* Your assignment:
Emit the data below verbatim, stripping out any pictures.

** Opening Data block block **

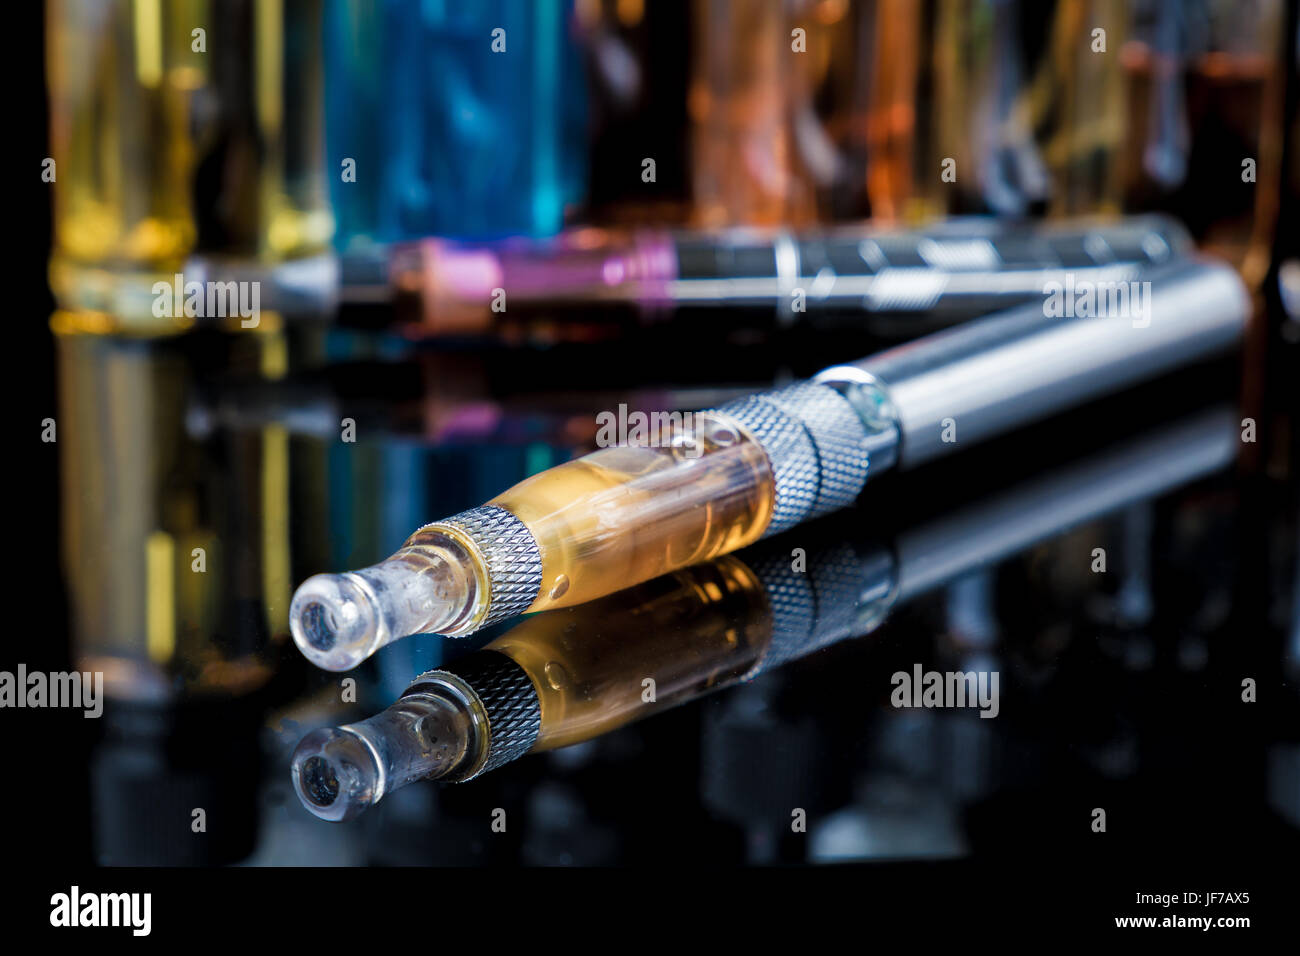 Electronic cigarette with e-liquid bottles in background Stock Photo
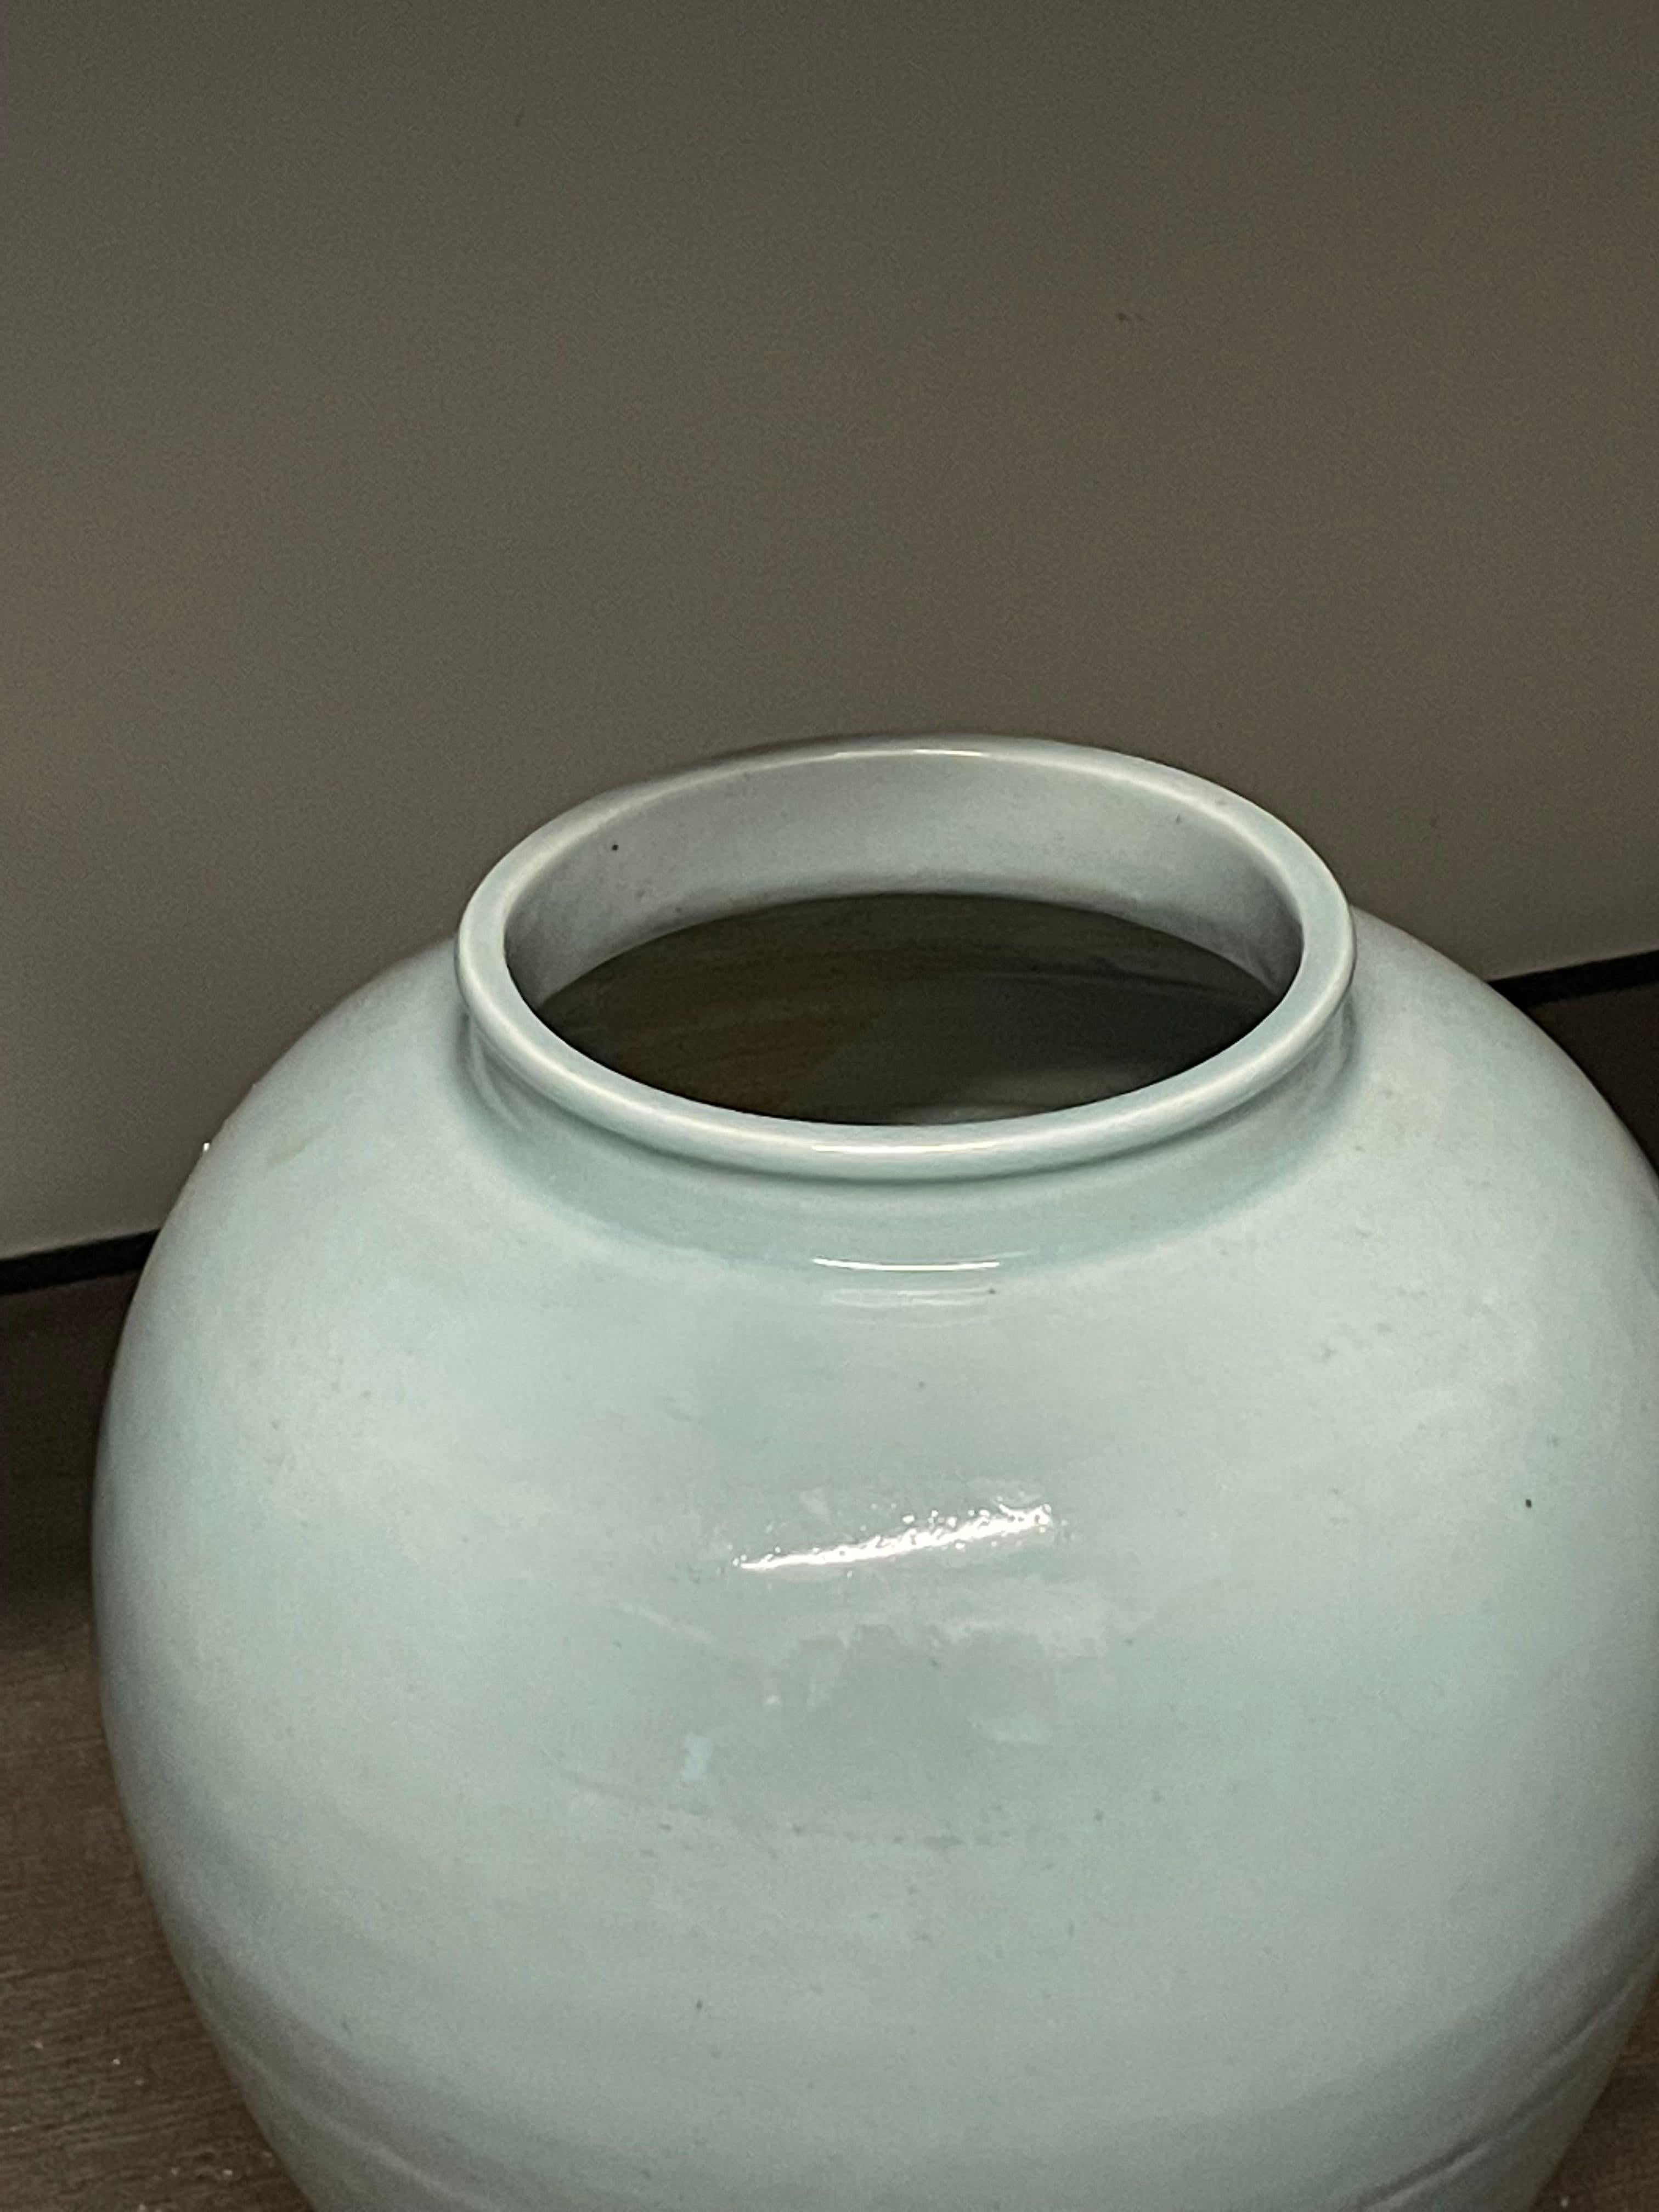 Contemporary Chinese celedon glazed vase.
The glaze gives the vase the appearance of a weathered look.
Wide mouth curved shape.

** Closing Data block block **

* Response for this exercise:
 Electronic cigarette with e-liquid bottles in background Stock Photo
 Contemporary Chinese celedon glazed vase.
The glaze gives the vase the appearance of a weathered look.
Wide mouth curved shape.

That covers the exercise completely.